[Opening Supplied data section]
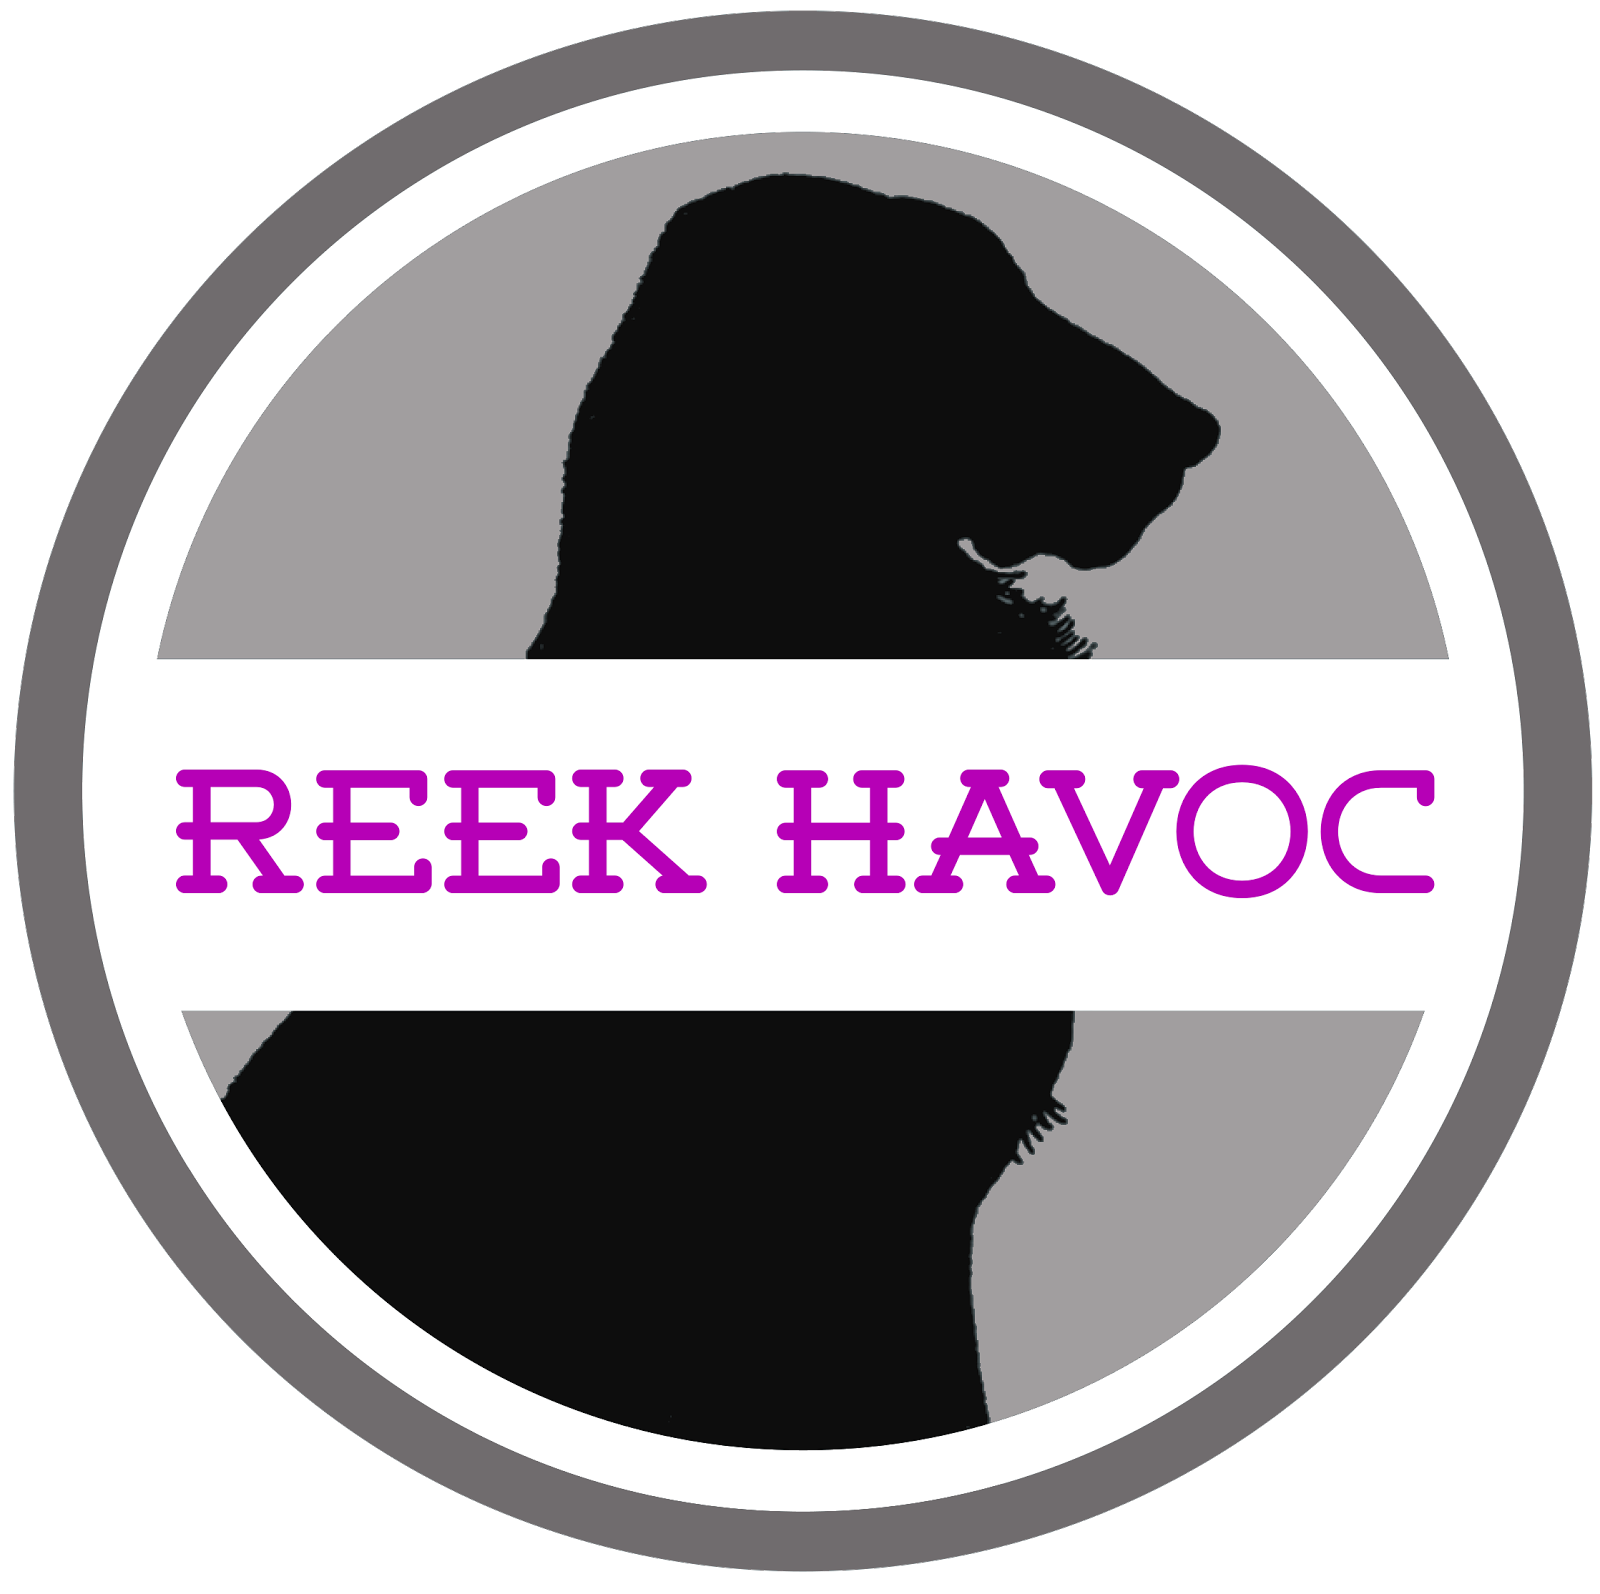 Reek Havoc
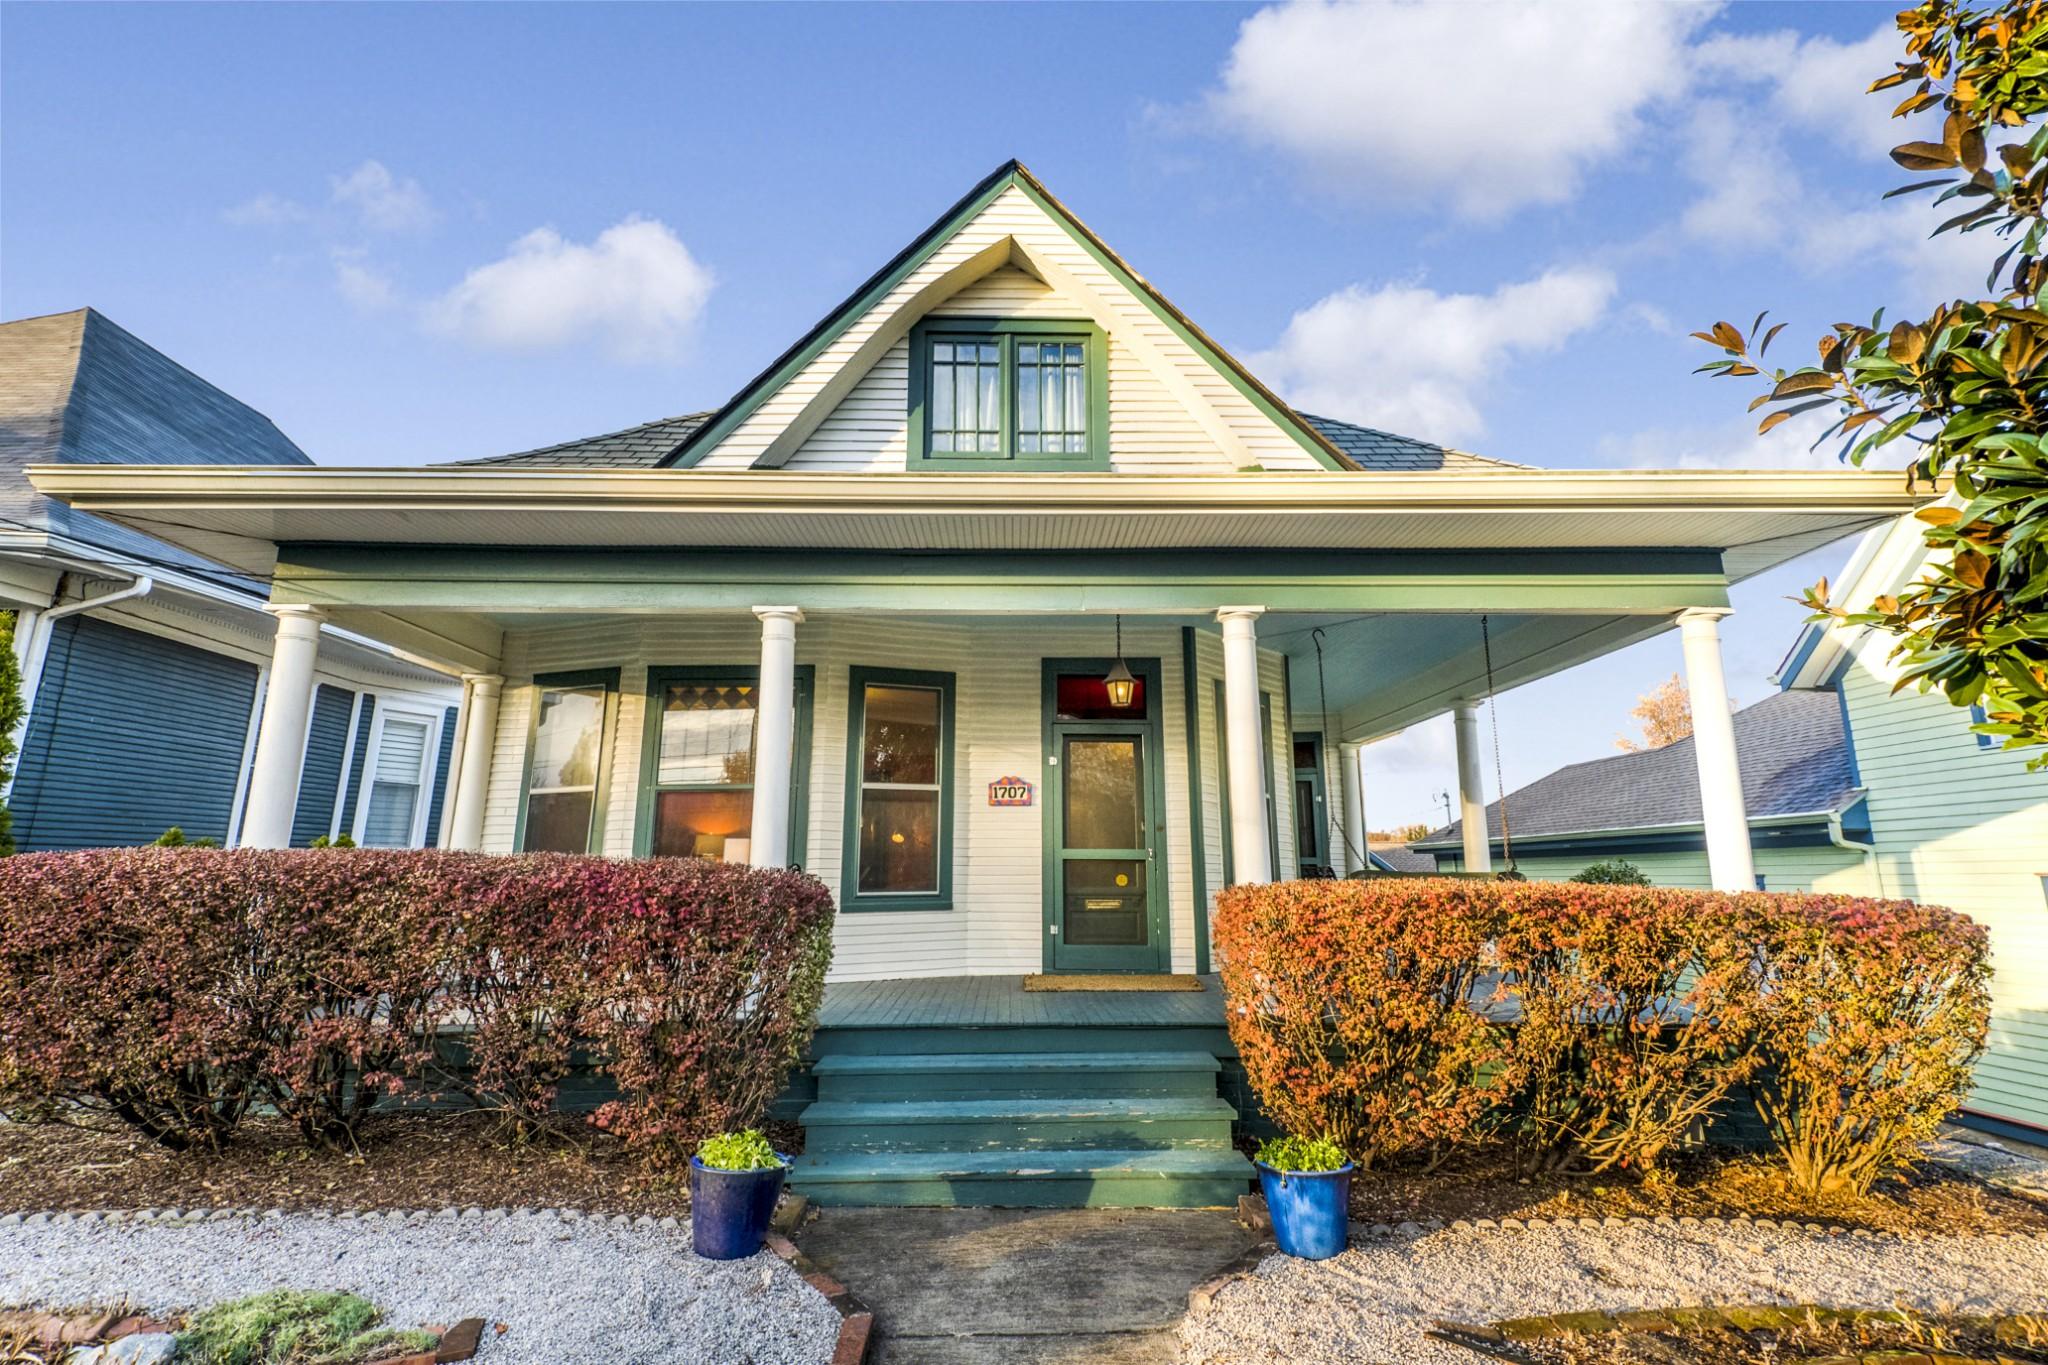 1707 Eastland Ave, Nashville, TN 37206 - Nashville, TN real estate listing
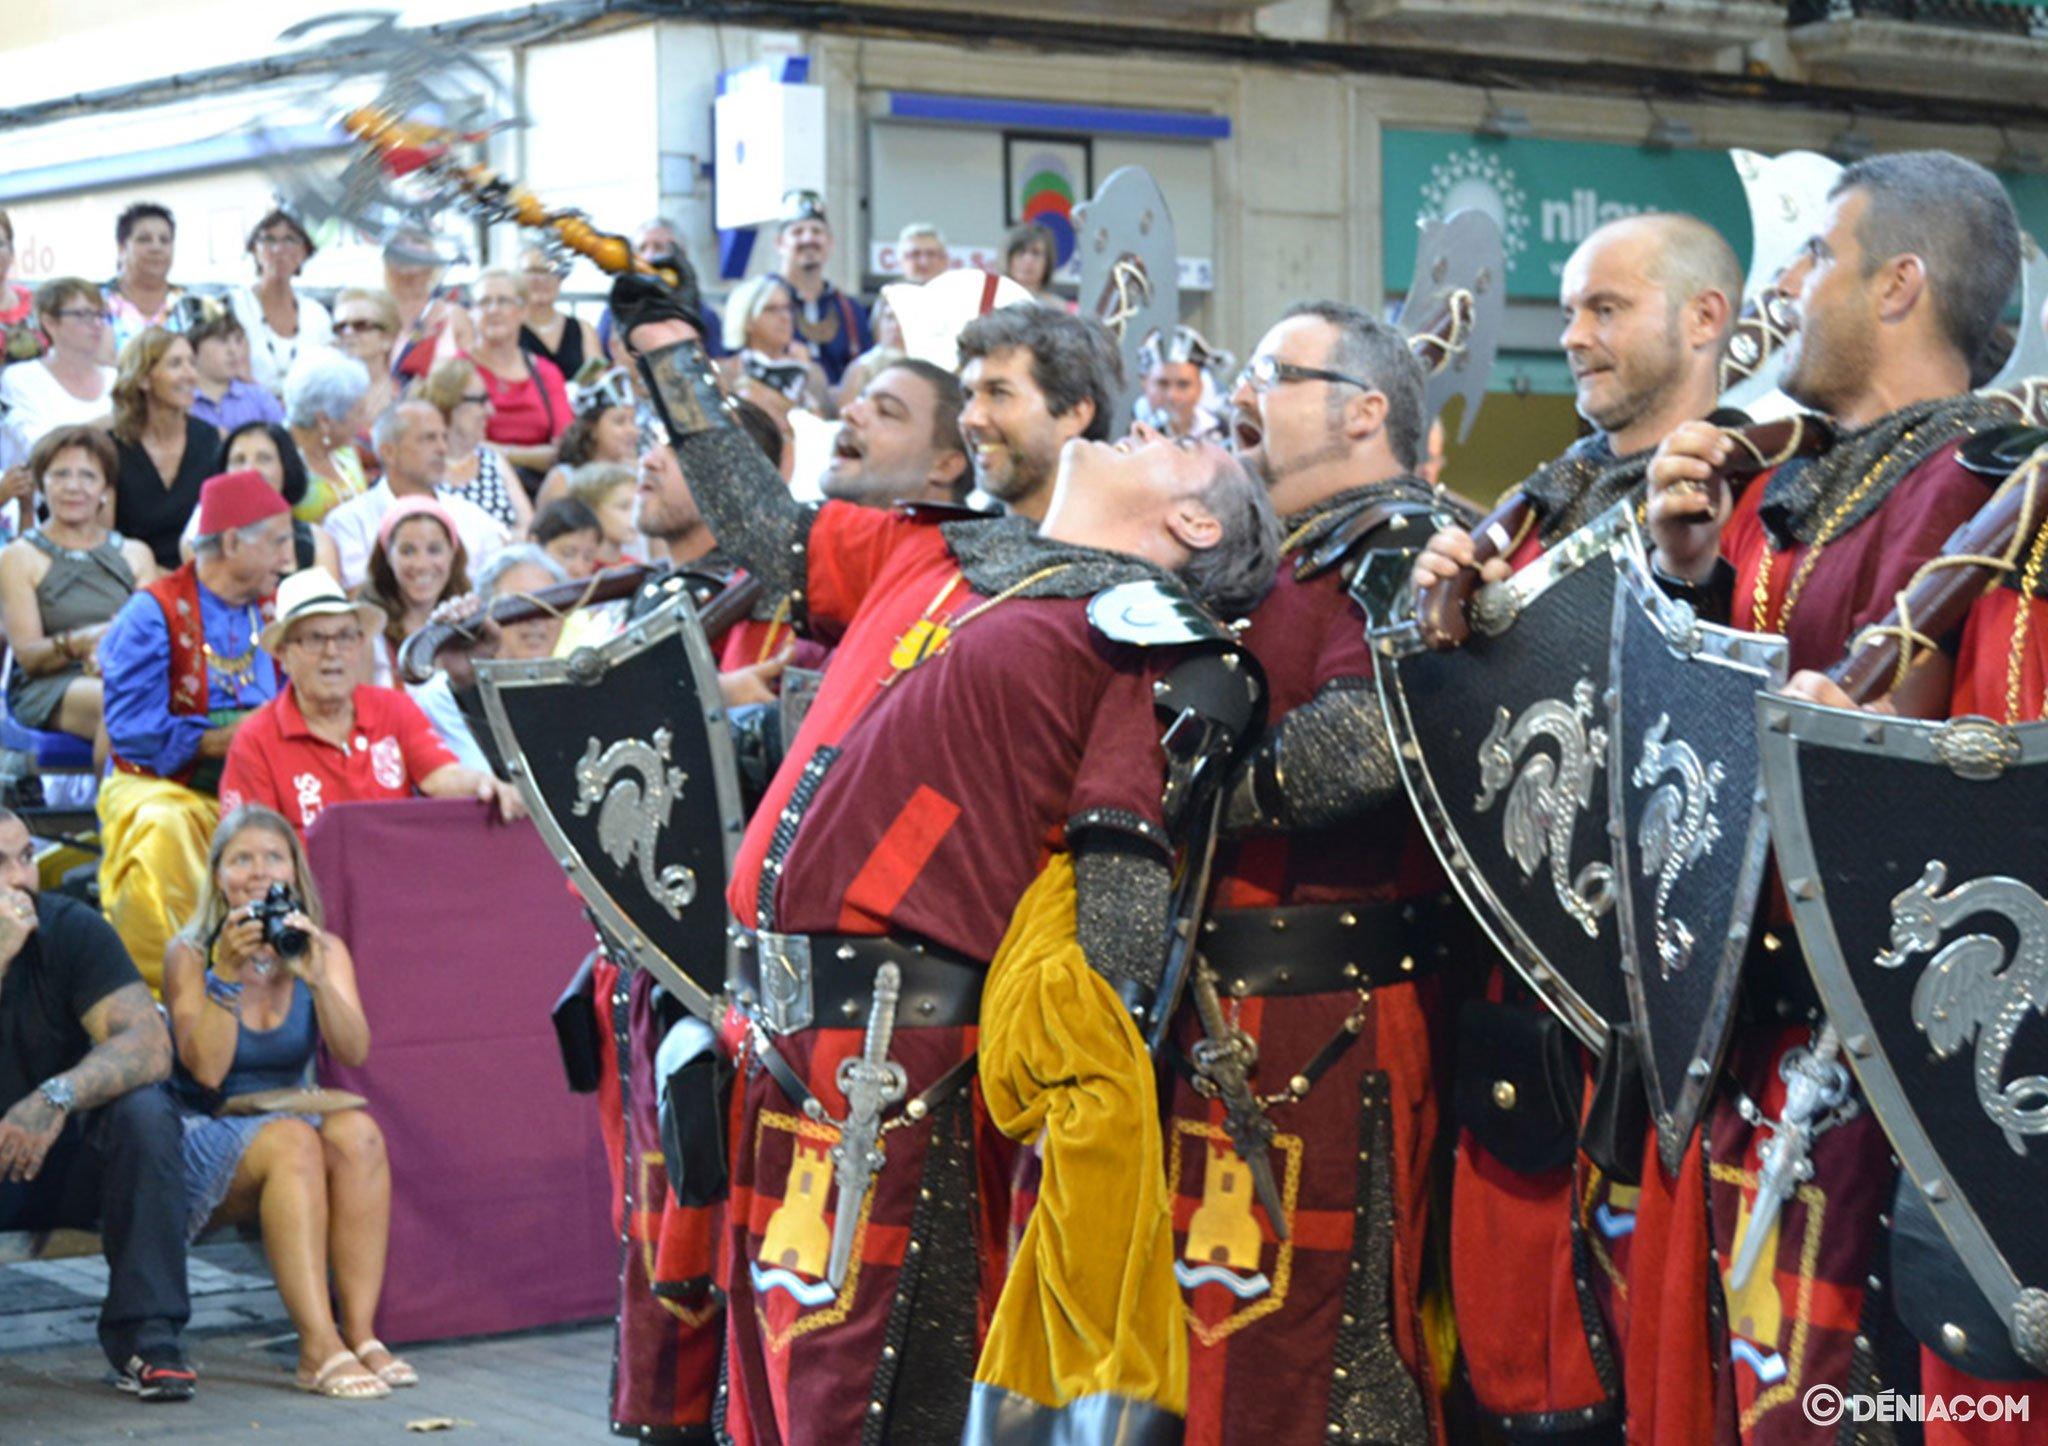 Desfile de gala Dénia 2014 – Filà Deniers
[Closing Supplied data section]
> **Prompt**: Transcribe all of the listing precisely. The images stay out of it.

> **Expected answer**:
 Reek Havoc
 1707 Eastland Ave, Nashville, TN 37206 - Nashville, TN real estate listing
 Desfile de gala Dénia 2014 – Filà Deniers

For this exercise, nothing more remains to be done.